# [WHAT NEEDS TO BE DONE]
Produce a word-for-word copy of the data that follows, excluding images.

START INPUT DATA

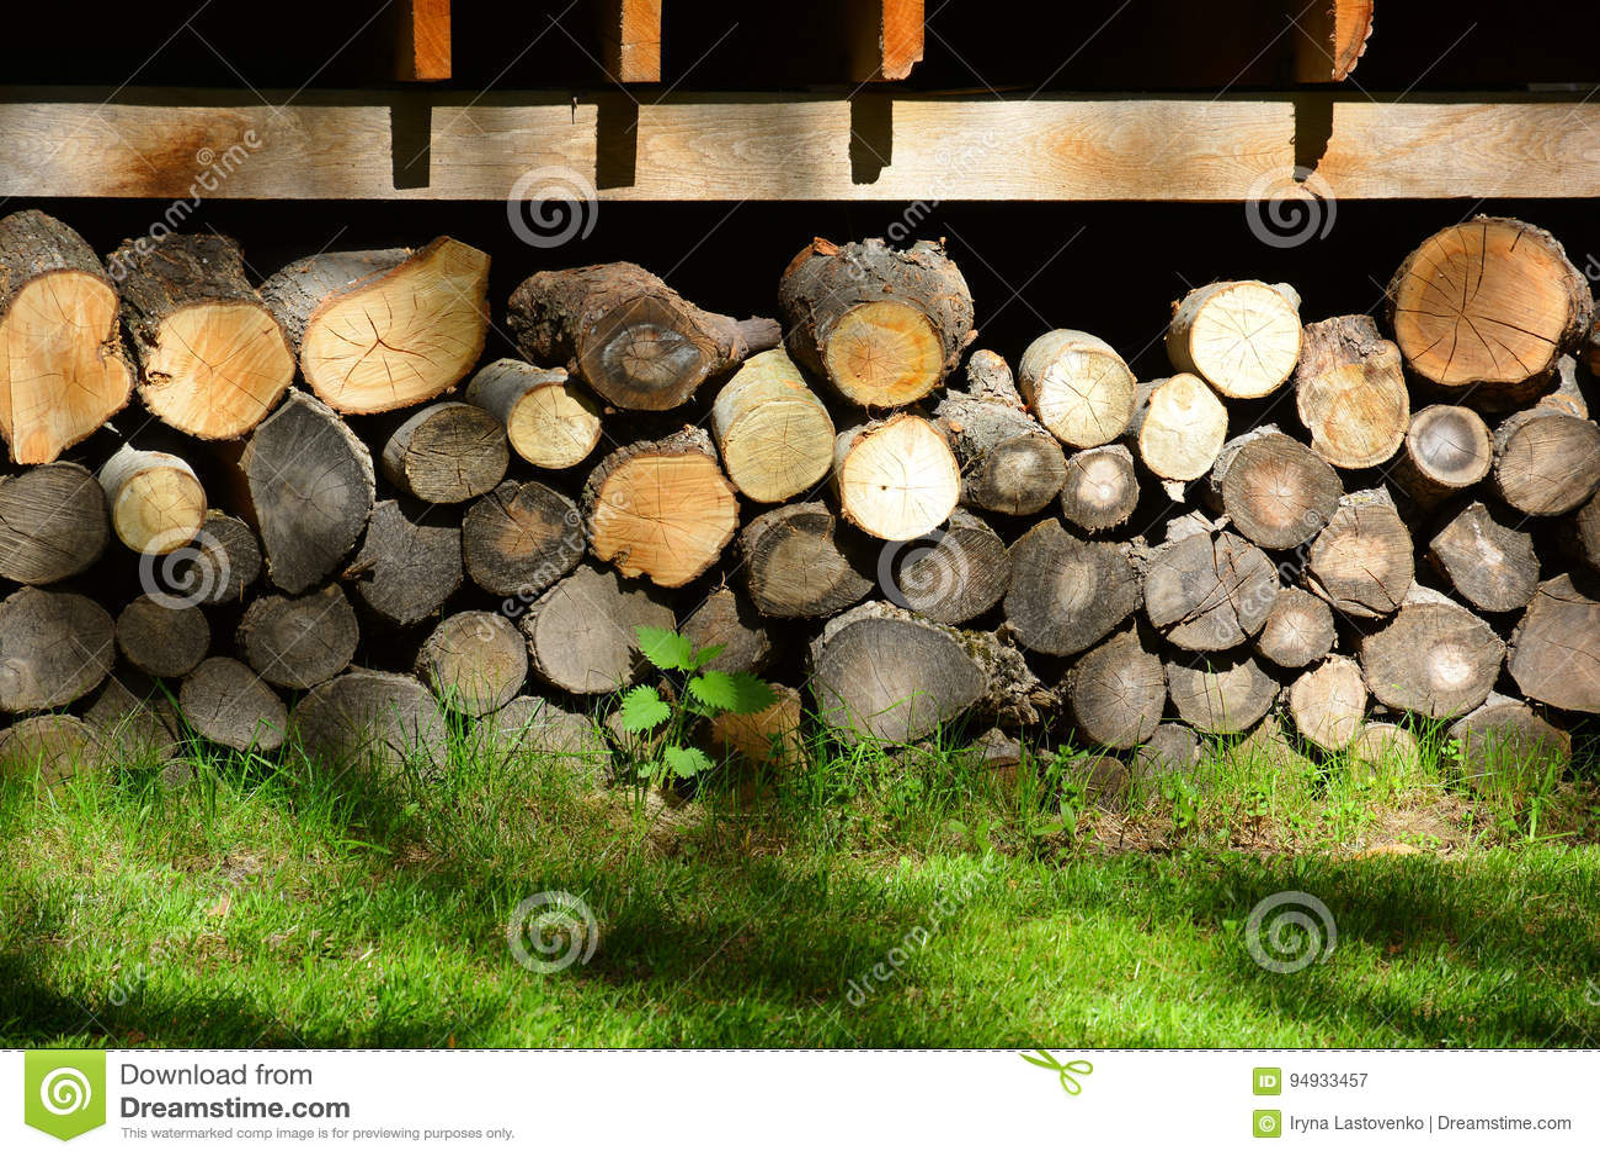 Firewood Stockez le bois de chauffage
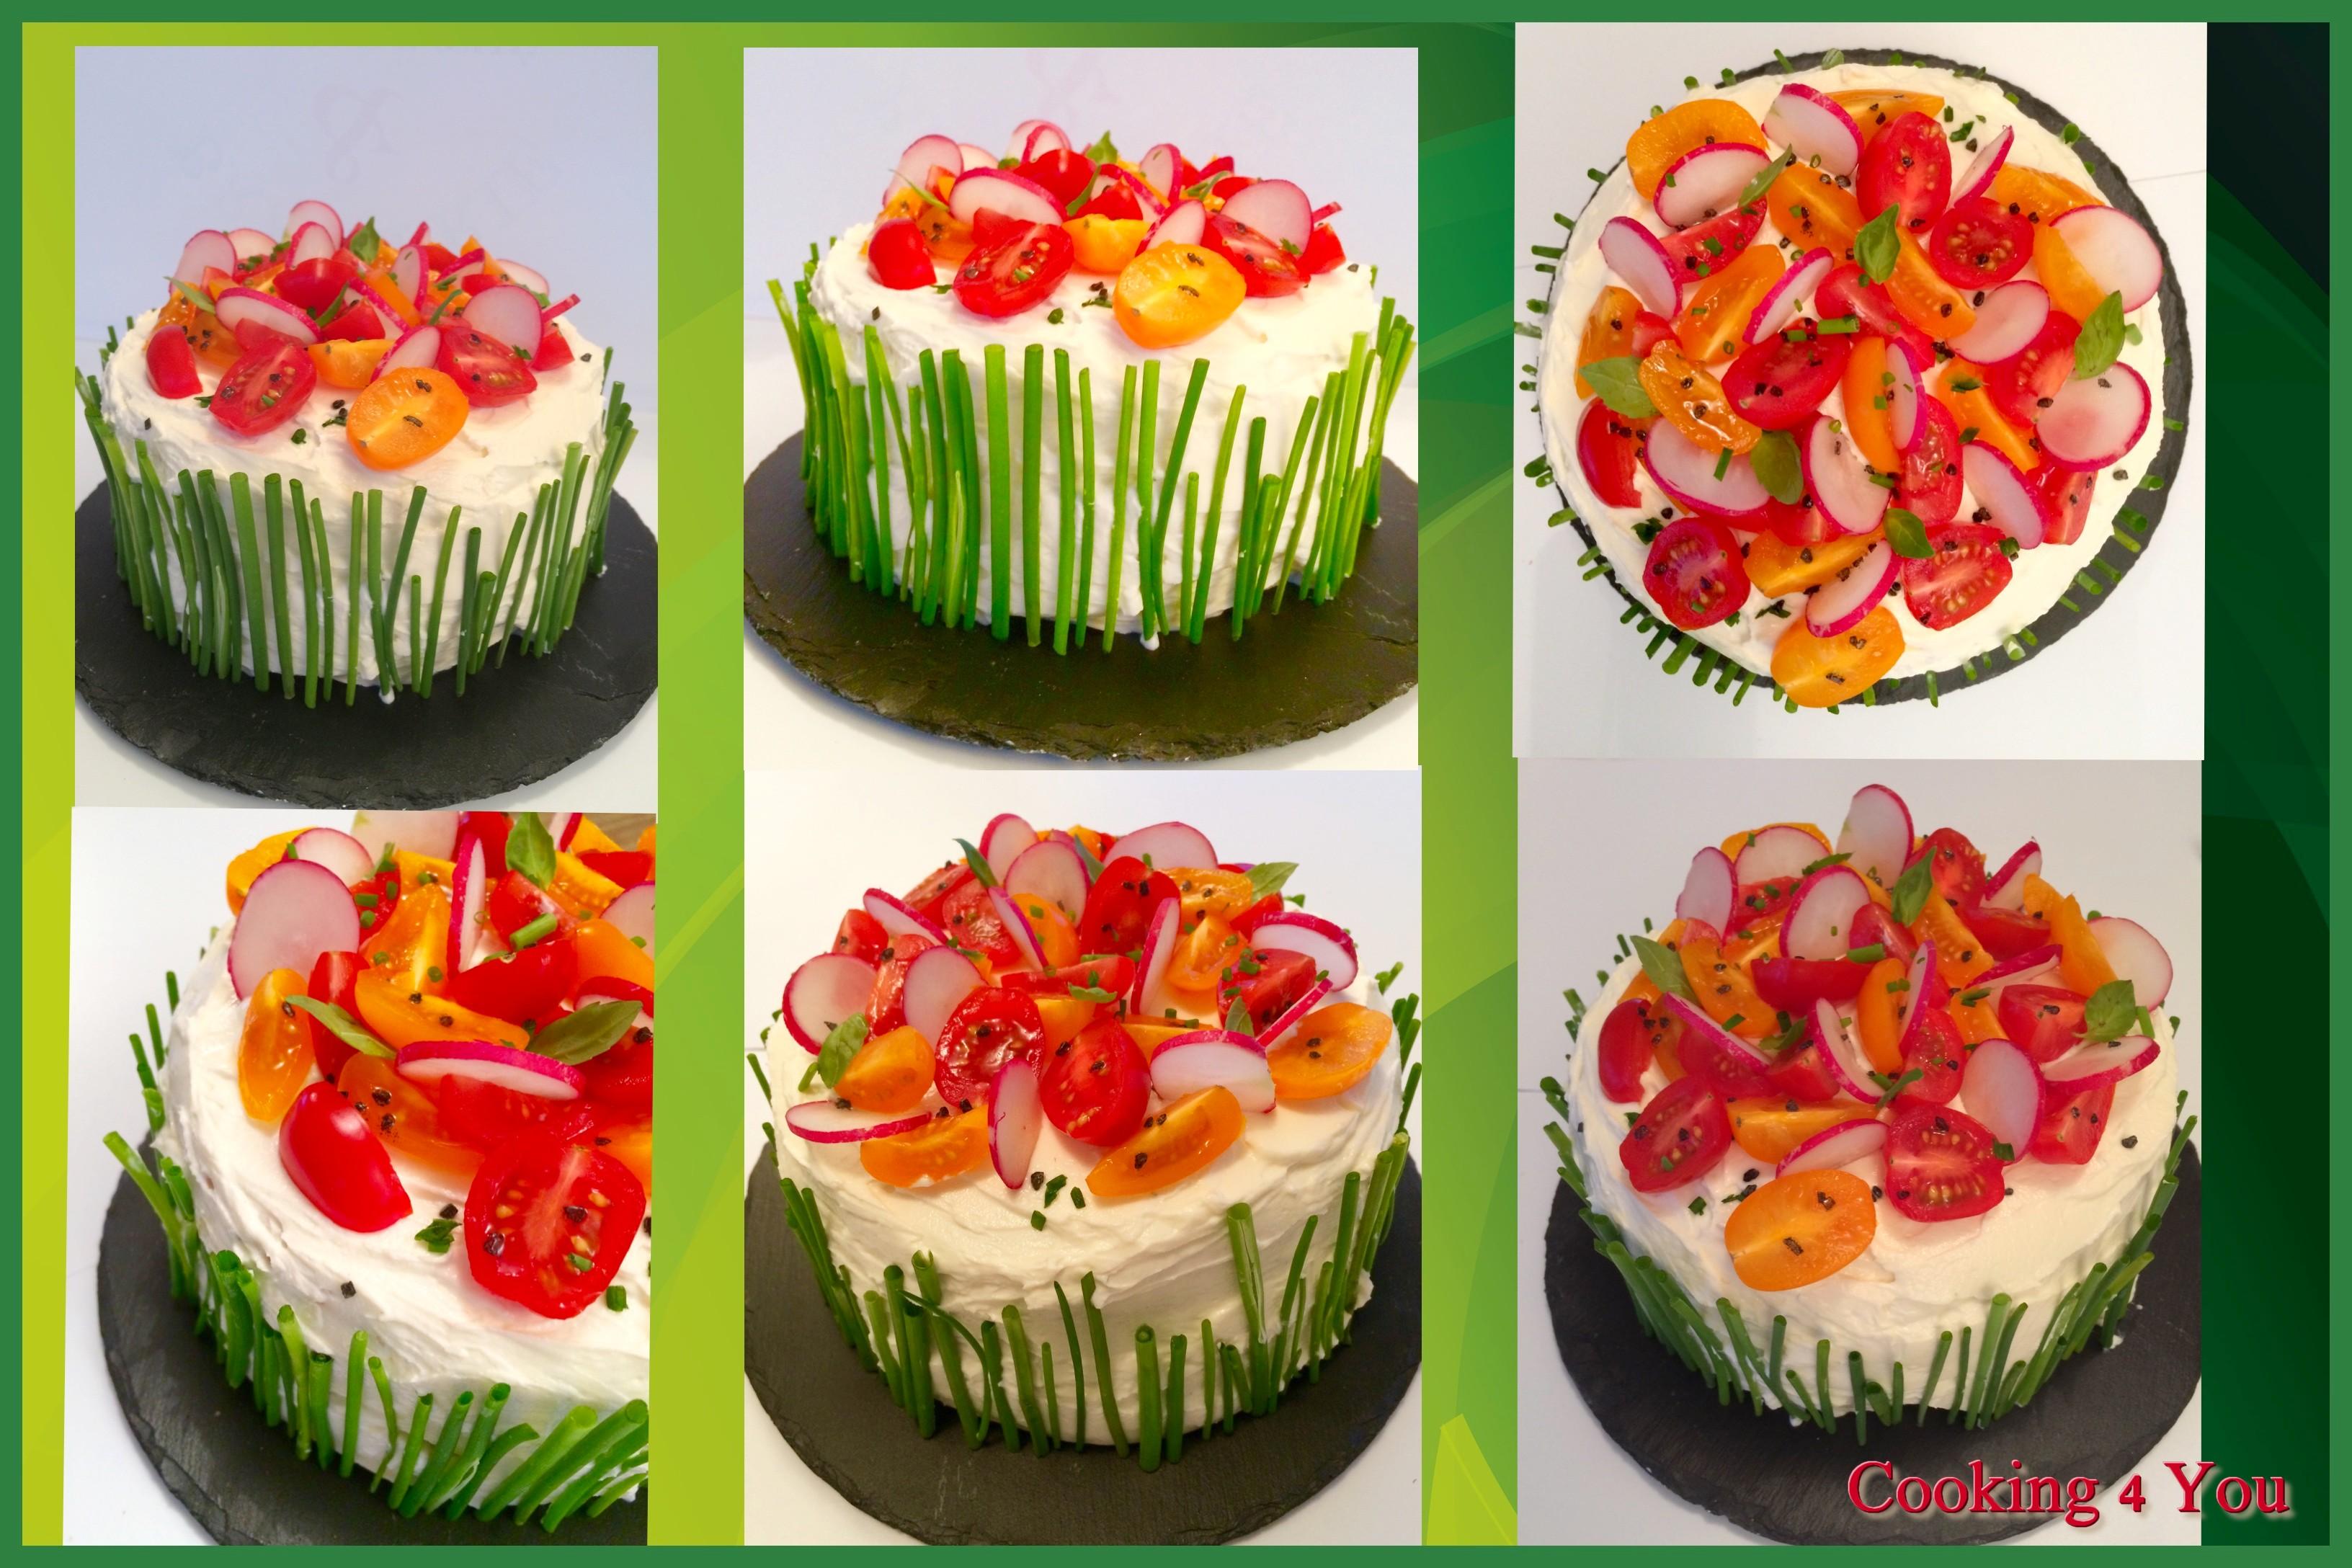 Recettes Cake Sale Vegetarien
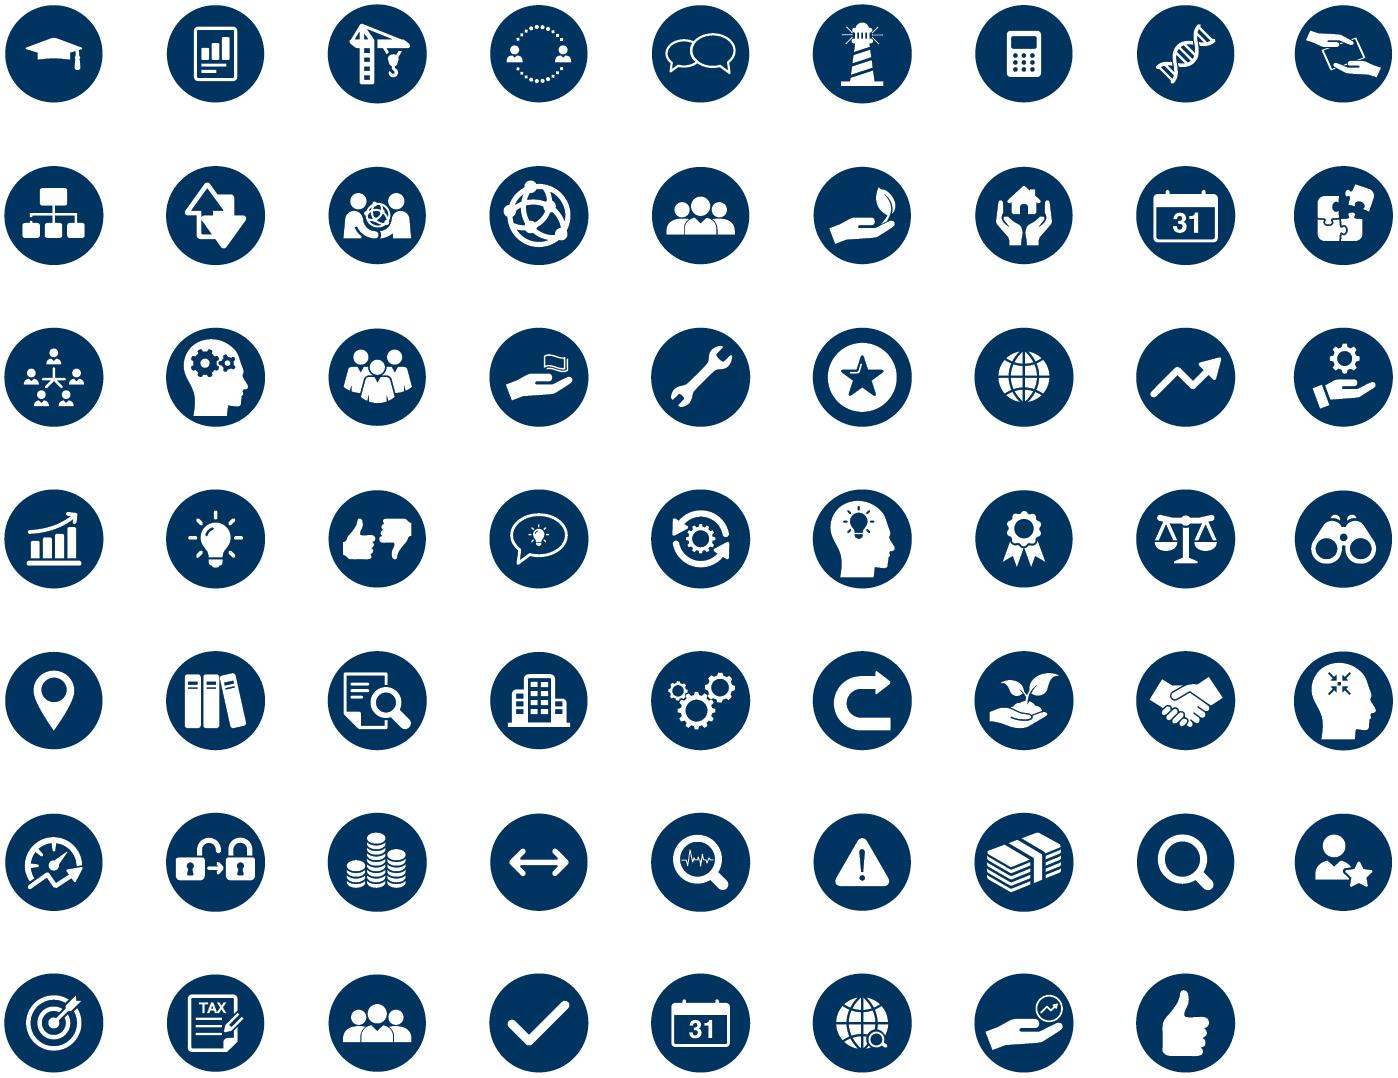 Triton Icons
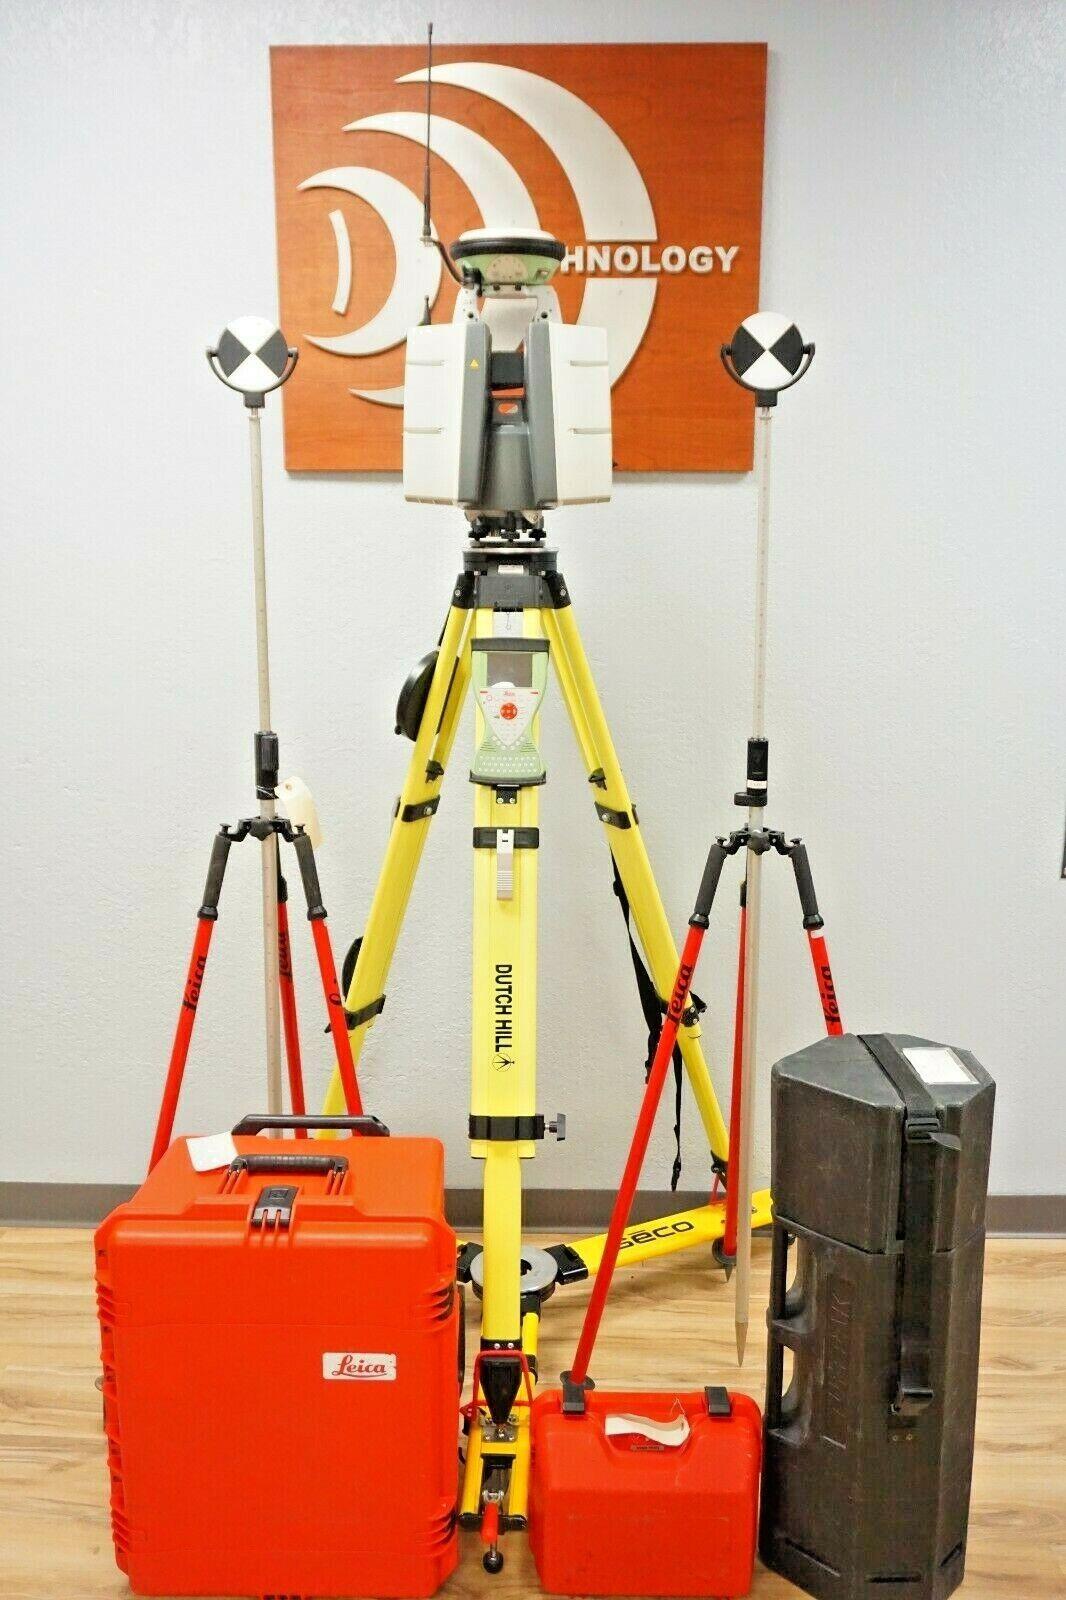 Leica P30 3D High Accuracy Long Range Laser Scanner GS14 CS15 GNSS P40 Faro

END INPUT DATA

# [SOLUTION FOR THIS PROBLEM]
 Firewood Stockez le bois de chauffage
 Recettes Cake Sale Vegetarien
 Triton Icons
 Leica P30 3D High Accuracy Long Range Laser Scanner GS14 CS15 GNSS P40 Faro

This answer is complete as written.